Cost-based hypothetical reasoning is an important framework for knowledge-based systems because it is theoretically founded and useful for many practical problems. Basically, it tries to find the minimum-cost set of hypotheses that is sufficient for proving a given goal. However, since the inference time of hypothetical reasoning grows exponentially with respect to problem size, slow inference speed often becomes the most crucial problem in practice.
We have developed a new method to efficiently find a near-optimal solution, i.e., a solution whose cost is nearly minimal. This method uses parallel software processors to search for a solution. In order to grasp the search intuitively, we emulate parallel processing on a single processor and develop efficient algorithms. We assume that each variable and each Horn-rule (constraint) is a processor and behaves as follows: a Variable processor sends a message to lower the cost of a solution and a Constraint processor sends a message to satisfy itself.
Our approach is realized mathematically by the augmented Lagrangian method, an efficient parallel computation method. A Variable processor has a (prime) variable which takes the value [0,1]. A Constraint processor has also a (dual) variable which represents how strongly the constraint should be considered. The messages and updating procedures are defined by mathematical formulae.

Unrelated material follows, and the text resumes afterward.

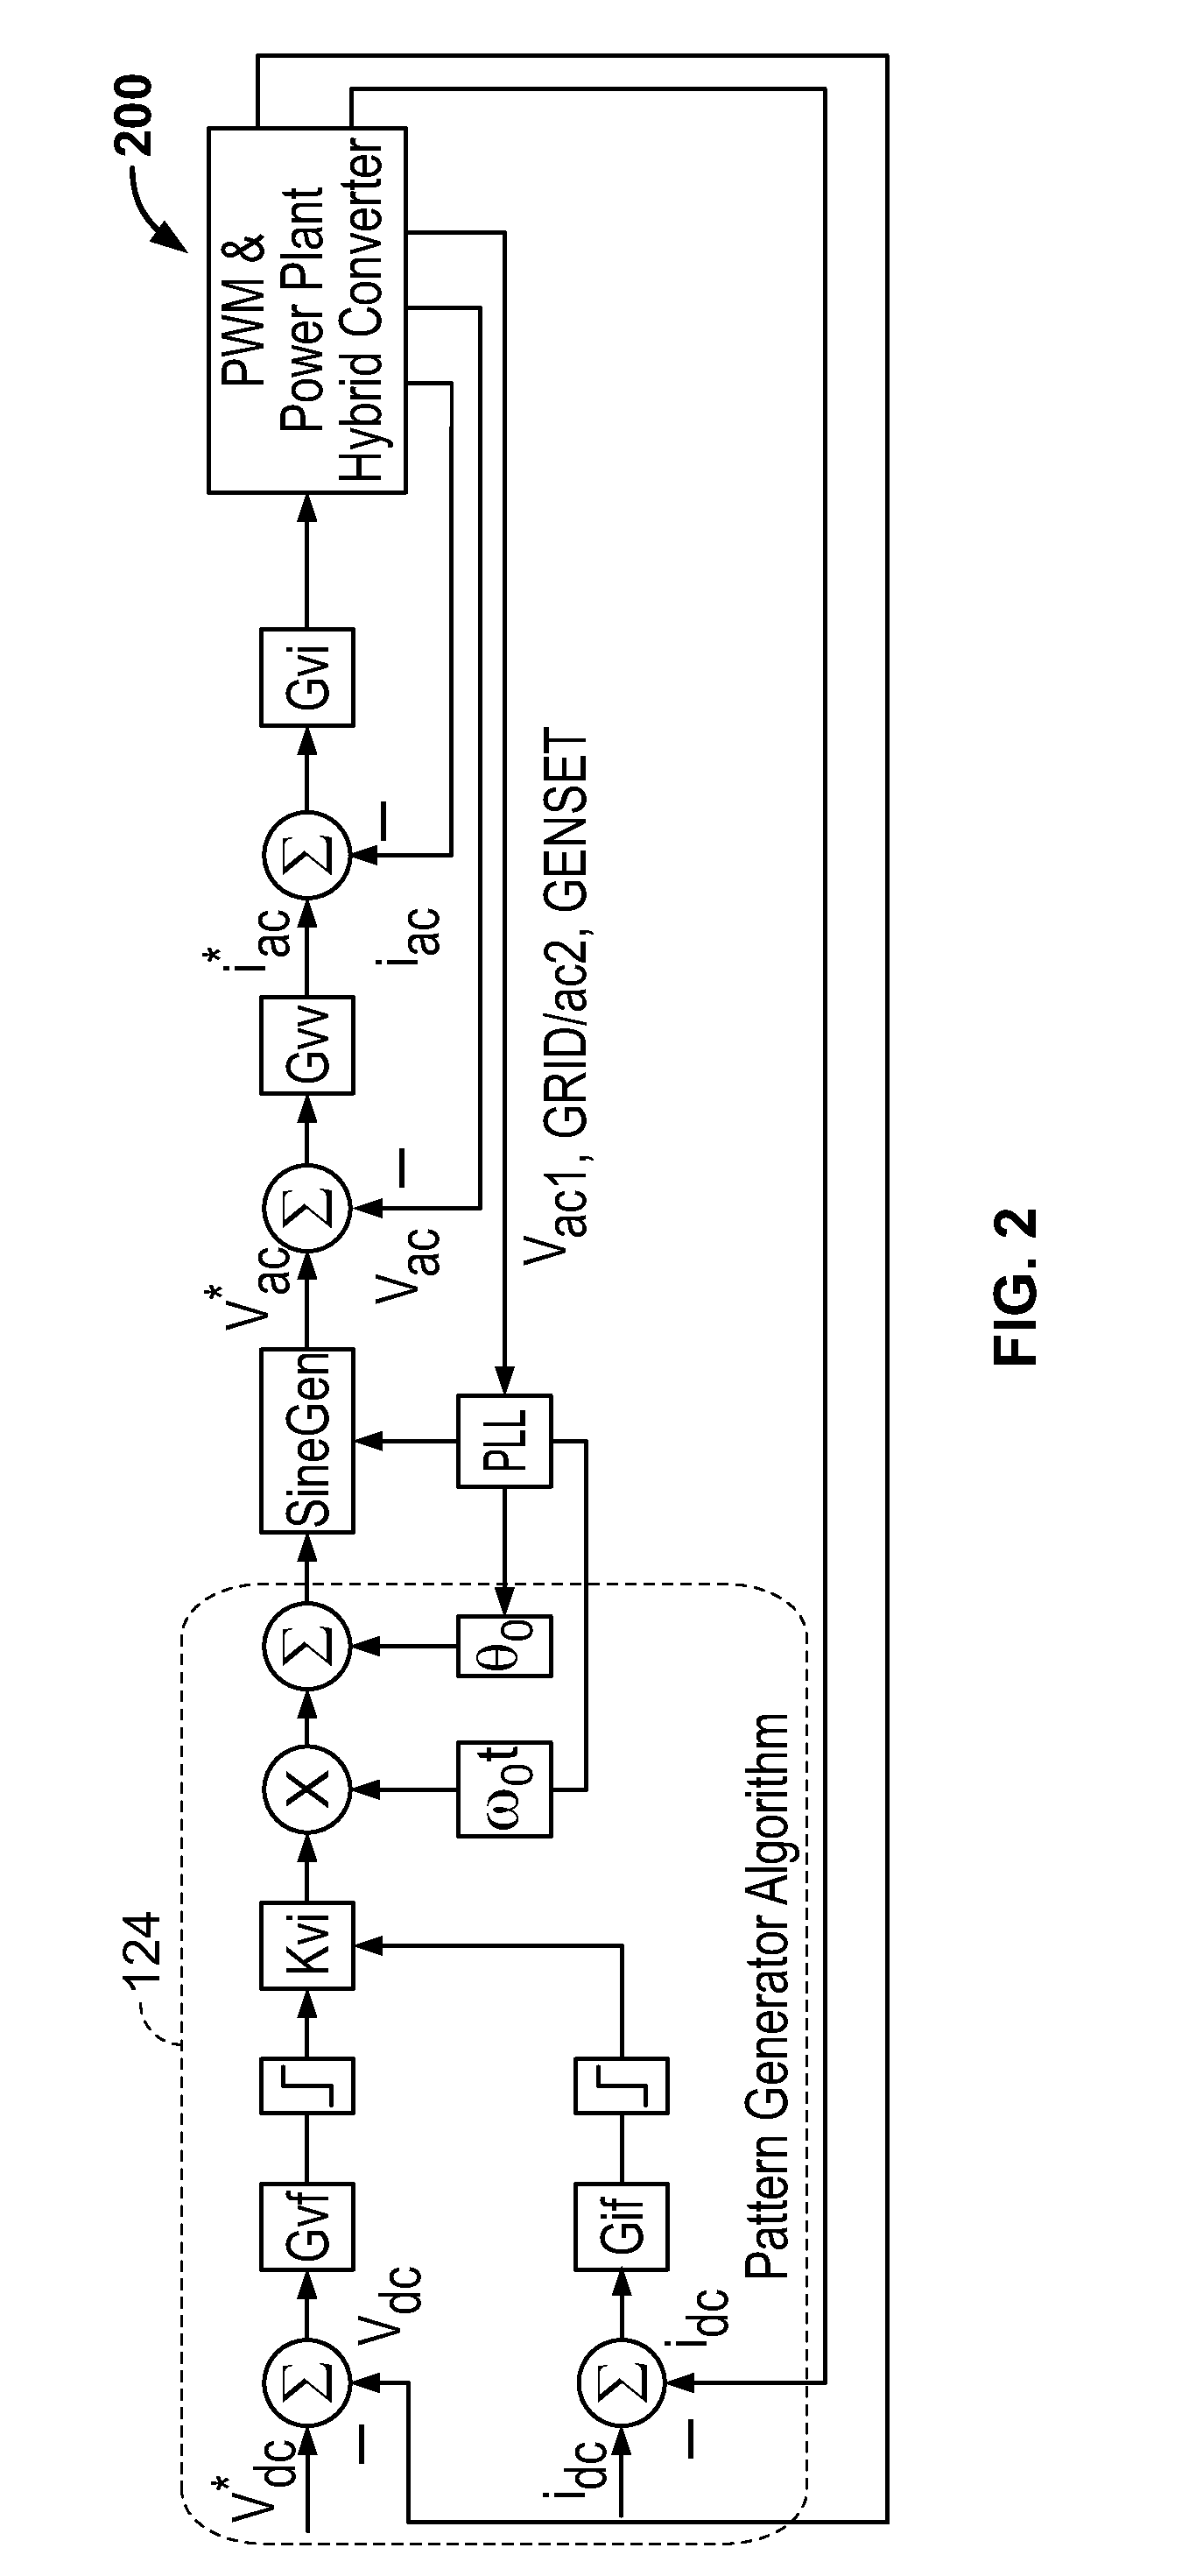 Ac connected modules with line frequency or voltage variation pattern for energy control

This approach has two major advantages. First, we can generalize related methods such as our earlier SL method1, the breakout method or Gu’s nonlinear optimization method for SAT problems. They are all variants of our approach, obtained by modifying a part of the message to be sent.

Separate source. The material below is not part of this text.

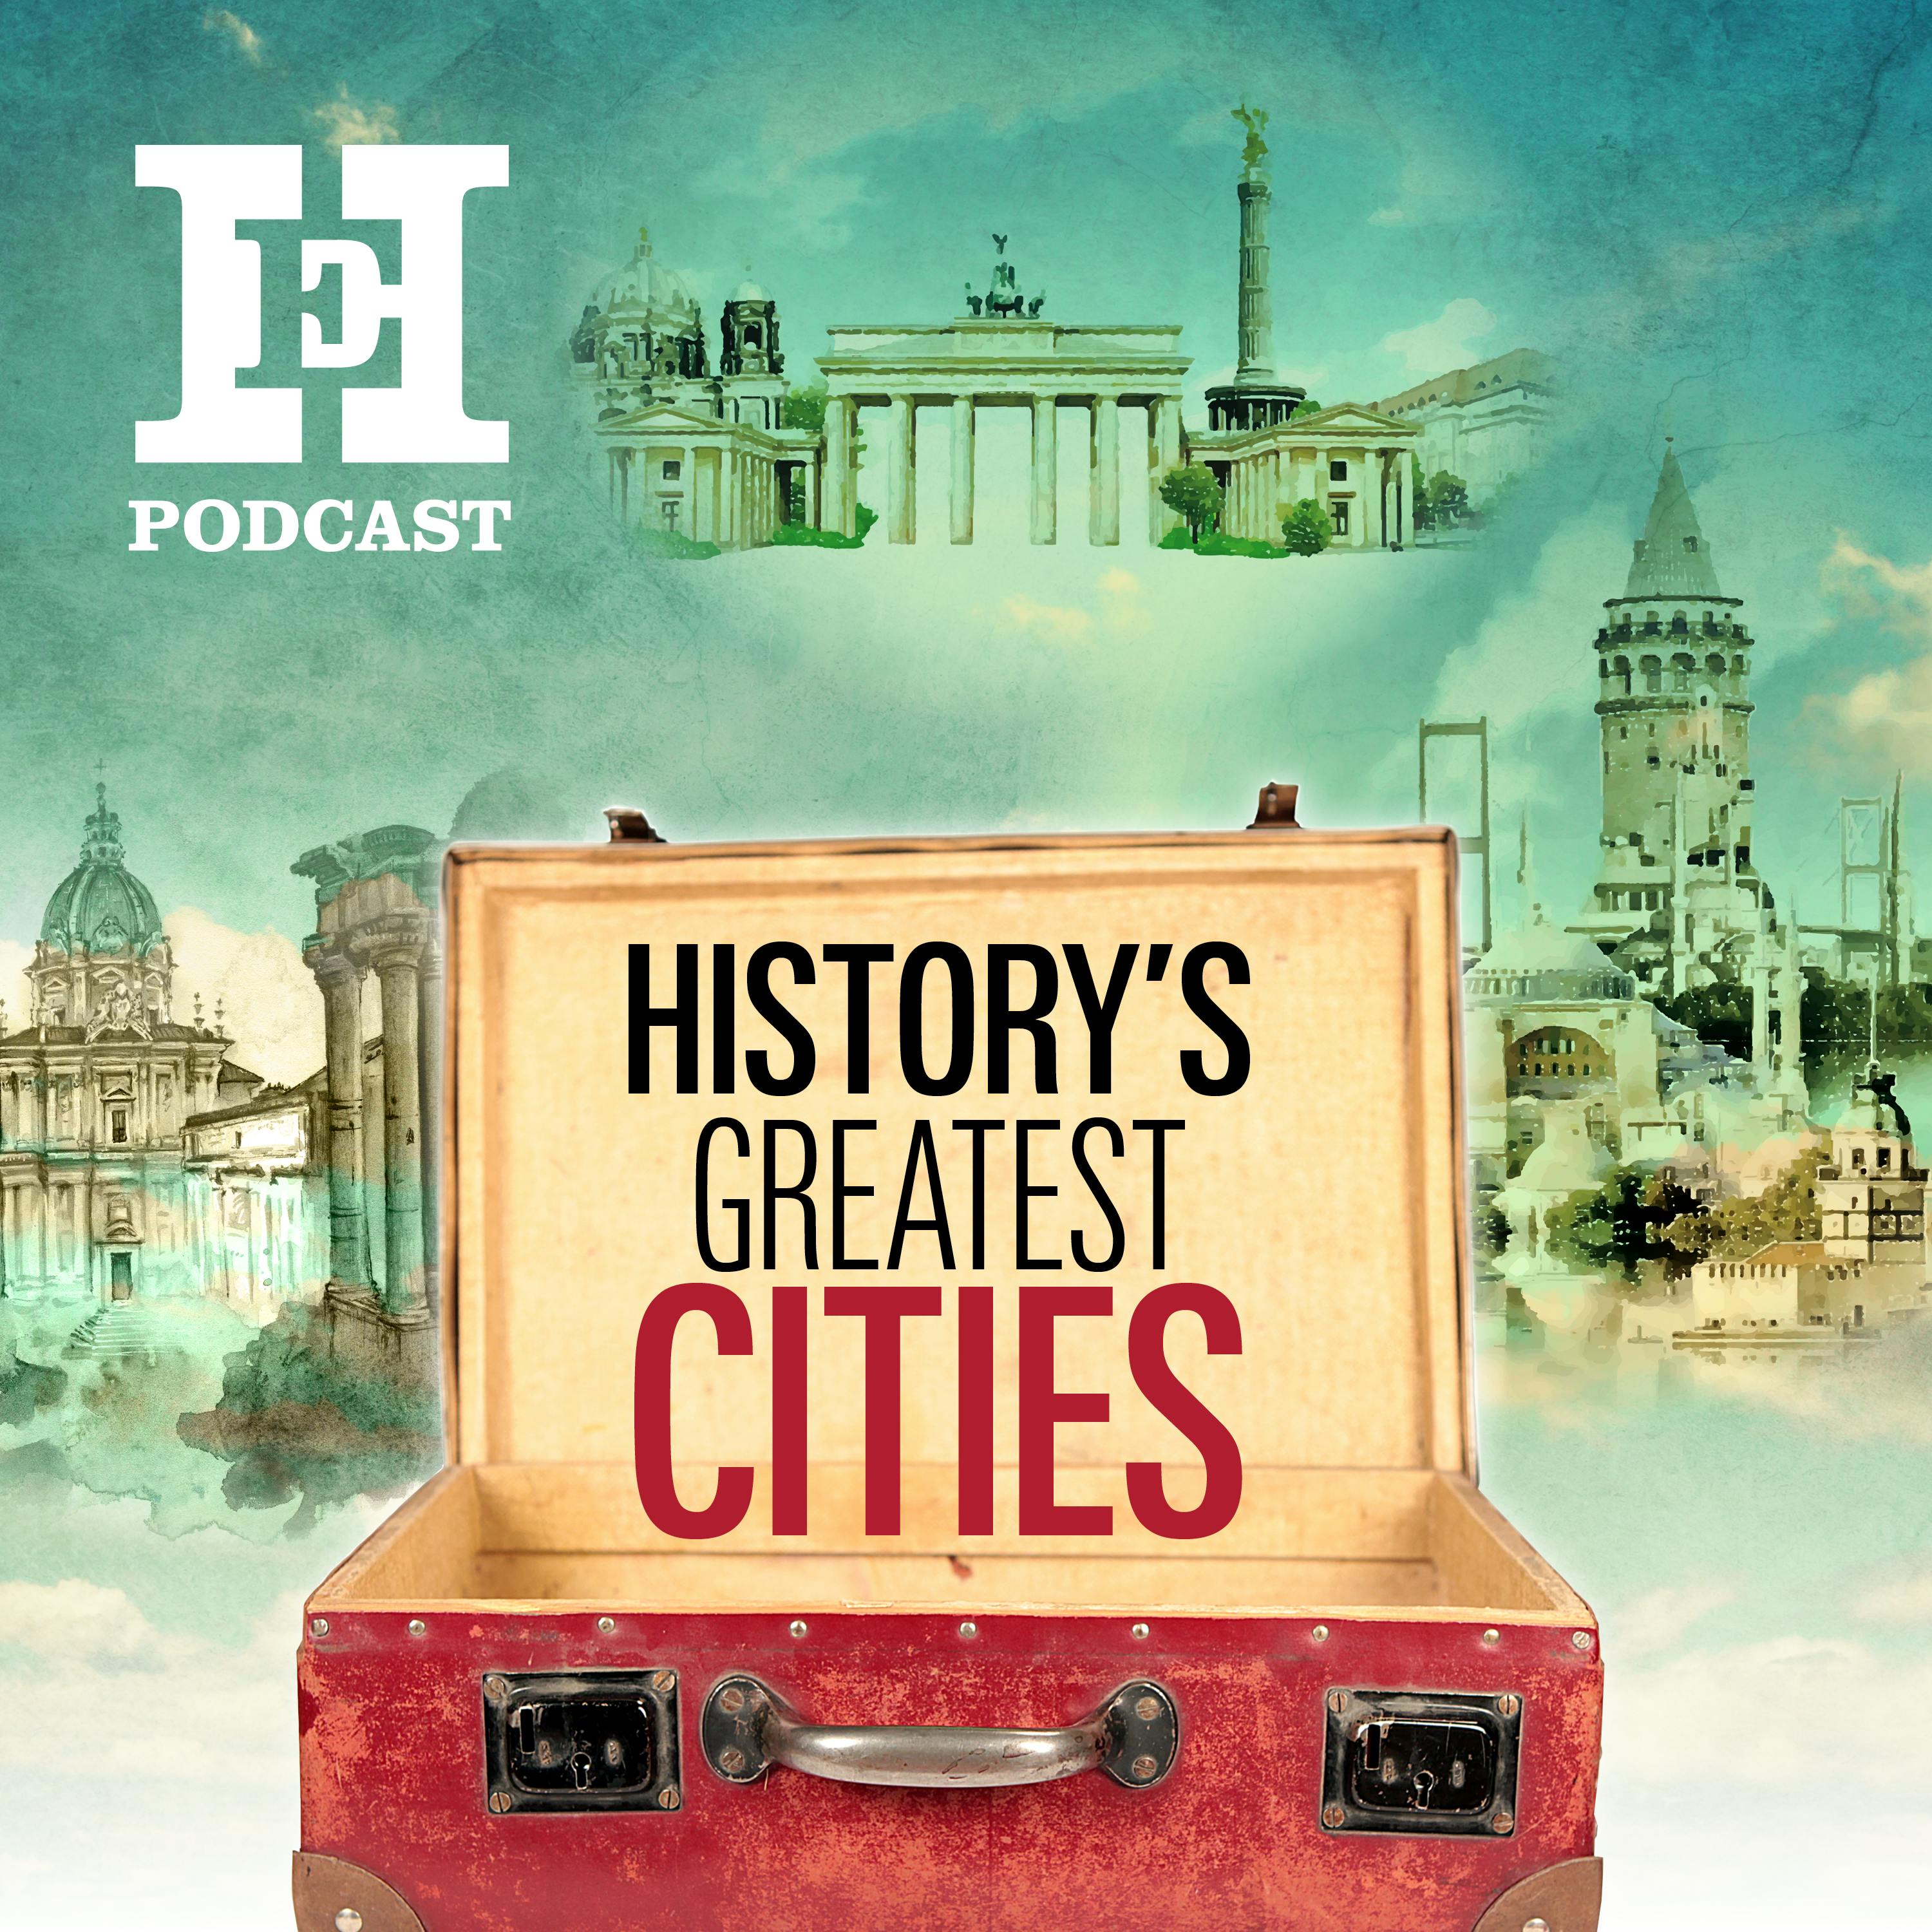 History's greatest cities podcast show image

Second, we can design new algorithms superior to previous algorithms such as SL method. We currently experiment with seven different algorithms of the parallel processor model, and find two algorithms are prominent as to inference time and solution cost. One algorithm is similar to the breakout method except that it considers the cost of the solution. The other is an entirely new algorithm, which adds one new processor to a problematic Horn-rule if search gets stuck in a local minimum. Using this algorithm, we can obtain solutions whose cost on average is lower than that of any other algorithm compared in our experiment.